# Canon LV-S3 - What is the Ceiling Mount Thread Size?



## Xzion (Jan 26, 2010)

Hello,

I'm new to the forum, and have been scouring the 'net for an answer that should be simple. I'm trying to set up a *Canon LV-S3* projector on what will be a home-made ceiling mount for use in a boardroom at an event in a few months. However, I will need to buy the proper size of thread screws to bolt into the bottom of the projector. Normally I would just take the device myself to a local hardware store and test-fit some sizes but in this case I don't have that opportunity and was hoping someone here might know for sure, as the answer I got from Canon was "all 3 bolts are different sizes"

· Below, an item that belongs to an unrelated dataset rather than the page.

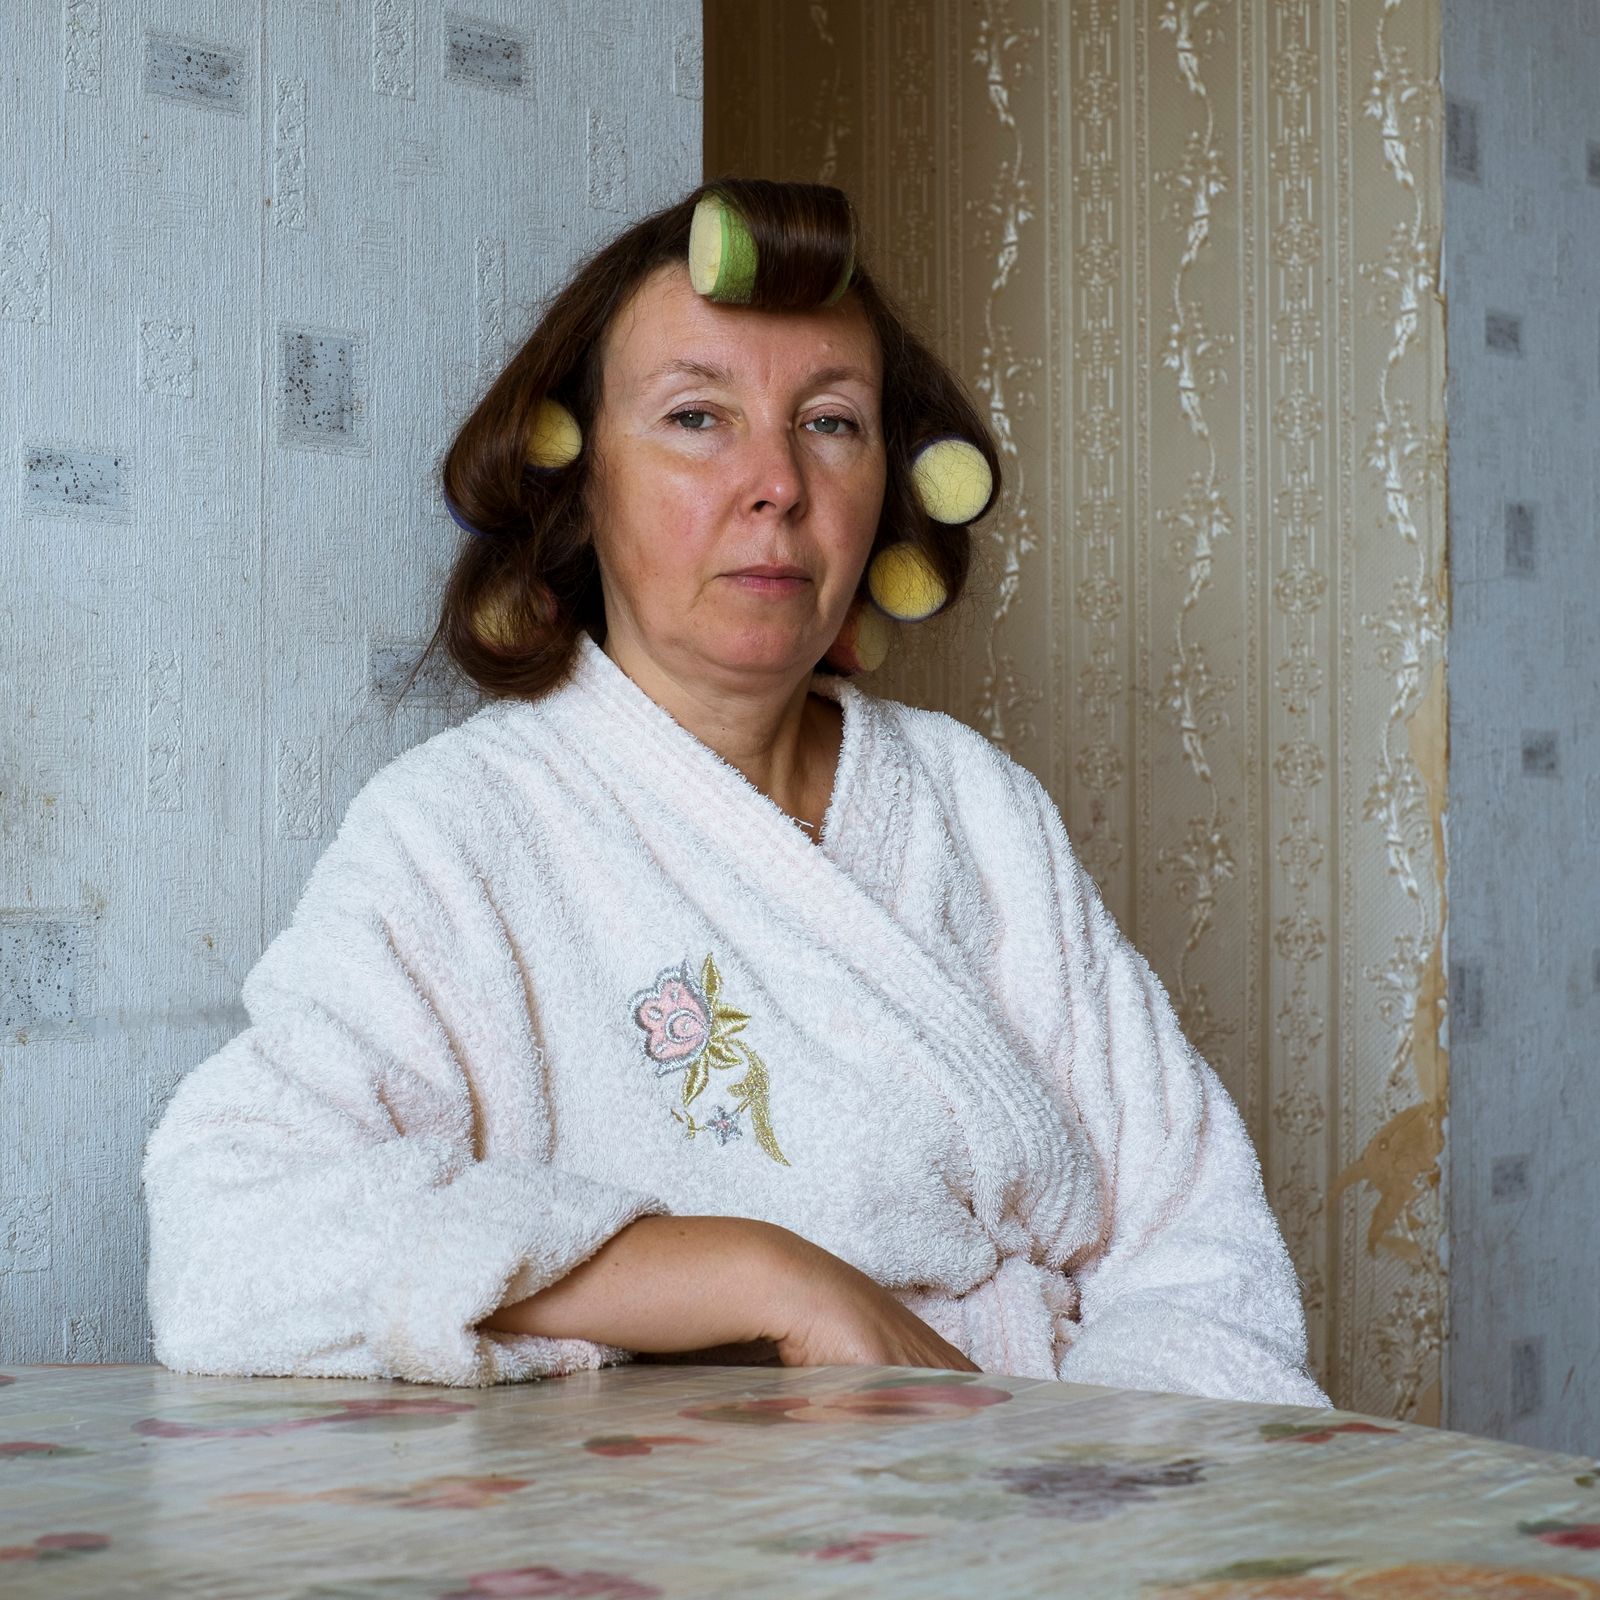 © Maria Quigley - Svetlana, my mother, sits at the kitchen table. She is in the process of getting ready to attend Babushka's friends funeral.

Thanks for your help in advance.


----------



## mechman (Feb 8, 2007)

These instructions show an M4 X10 panhead screw being used. :T That's a pdf file by the way.


----------



## Xzion (Jan 26, 2010)

mechman said:


> These instructions show an M4 X10 panhead screw being used. :T That's a pdf file by the way.


Thanks profoundly!! That looks to be exactly what I was looking for, and I greatly appreciate the help.

I've been searching for hours and just going in circles. One of the many curses of having nothing available but 28.8 dialup to work with. :hissyfit:


----------